7. The method according to any one of claims 1-4, characterized in that, The method further includes: Perform the cleanup operation when the cleanup conditions are met; The cleaning condition is any one of the following: The target application was successfully built. The target application encountered an error during the build process; The cancellation instruction is triggered during the execution of the target application's build task.

8. The method according to claim 7, characterized in that, Perform cleanup operations, including: Delete the Electron temporary directory and the Python temporary directory; Close any open file handles; Remove the build task from the active build list; wherein the active build list includes all build tasks; the active build list is used to record the execution progress and status of the build tasks.

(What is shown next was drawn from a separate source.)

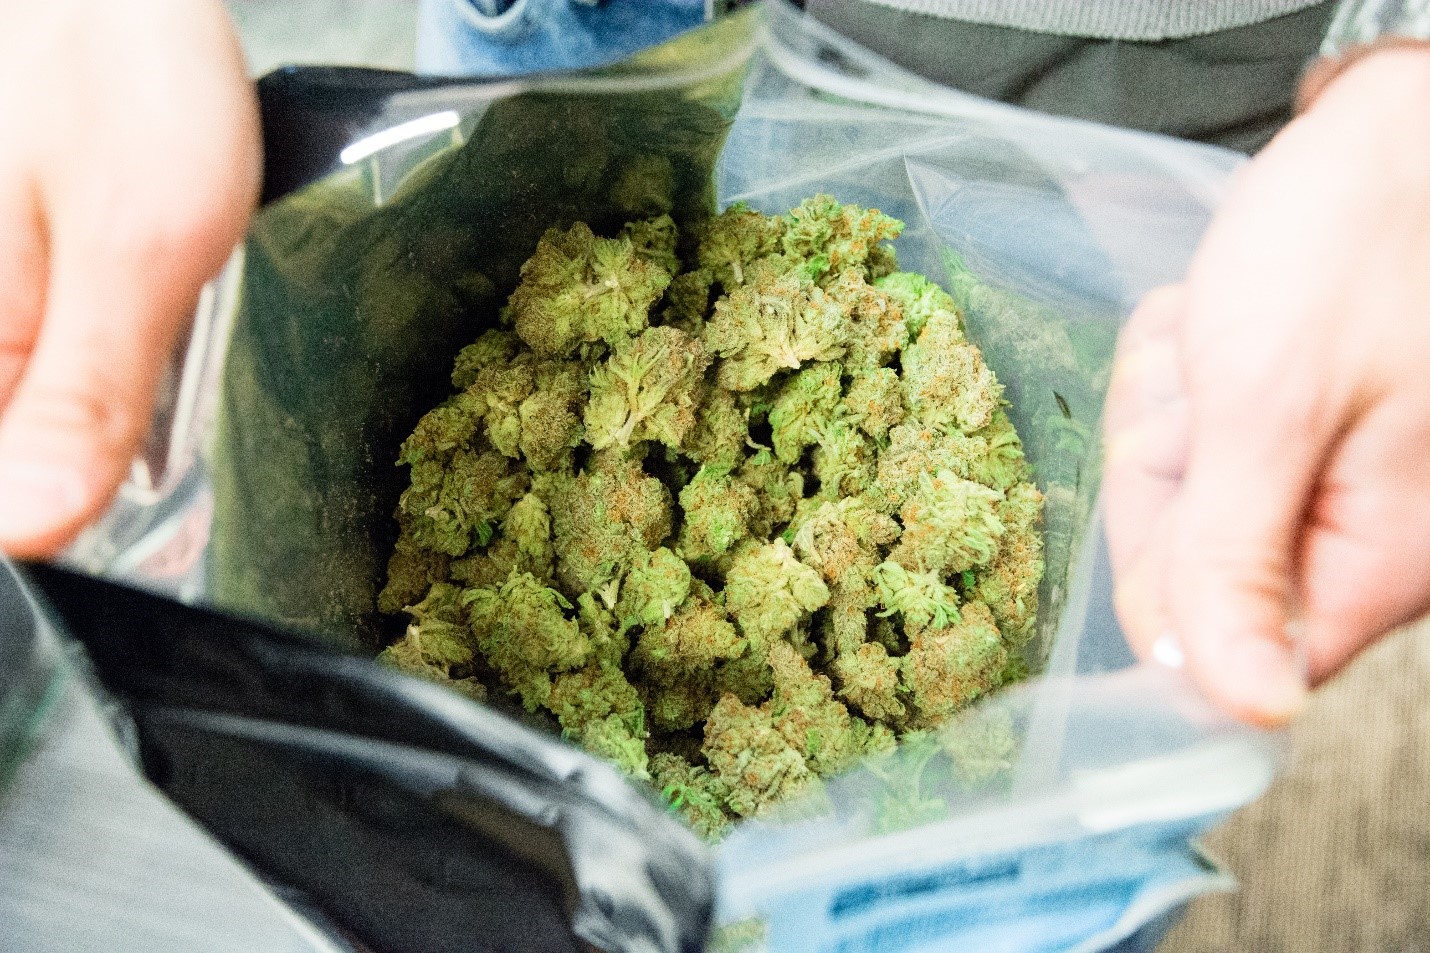 Recreational Marijuana Dispensaries 101: What to Expect on Your First Visit  | PotGuide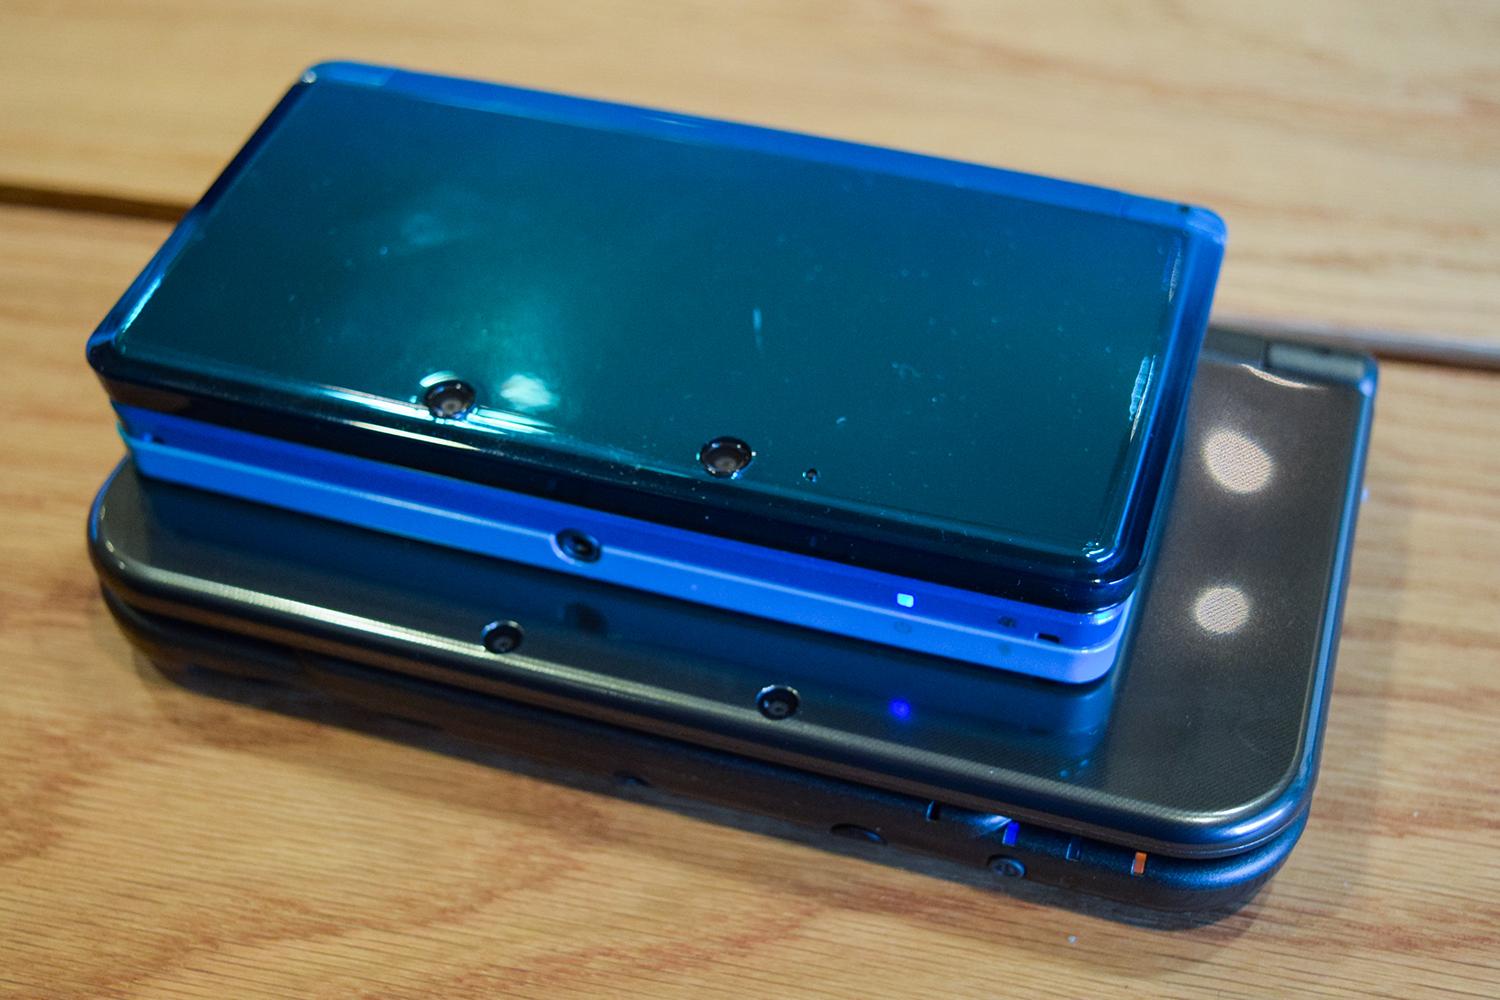 The Common Nintendo 3DS Problems and How to Fix Them | Digital

9. An automated application building apparatus, characterized in that, The device includes: The acquisition module is used to acquire the build request of the target application, which is used to automatically build the target application; the target application is a hybrid application built with Electron and Python. A parallel module is configured to, in response to the build request, create an Electron temporary directory and a Python temporary directory; concurrently pull the Electron and Python parts of the target application into the Electron temporary directory and the Python temporary directory, respectively; in response to the build request, create two build sub-processes; and use the build sub-processes to concurrently process the Electron part of the target application in the Electron temporary directory and the Python part of the target application in the Python temporary directory, and generate build artifacts respectively. The publishing module is used to extract the build artifacts from the two build sub-processes and write the build artifacts into the output directory; and to package the output directory to obtain the publishing package of the target application.

10. A computer device, characterized in that, include: A memory and a processor, the memory and the processor being communicatively connected to each other, the memory storing computer instructions, the processor executing the computer instructions to perform the method of any one of claims 1 to 8.

11. A computer-readable storage medium, characterized in that, The computer-readable storage medium stores computer instructions for causing a computer to perform the method of any one of claims 1 to 8.

12. A computer program product, characterized in that, Includes computer instructions for causing a computer to perform the method of any one of claims 1 to 8.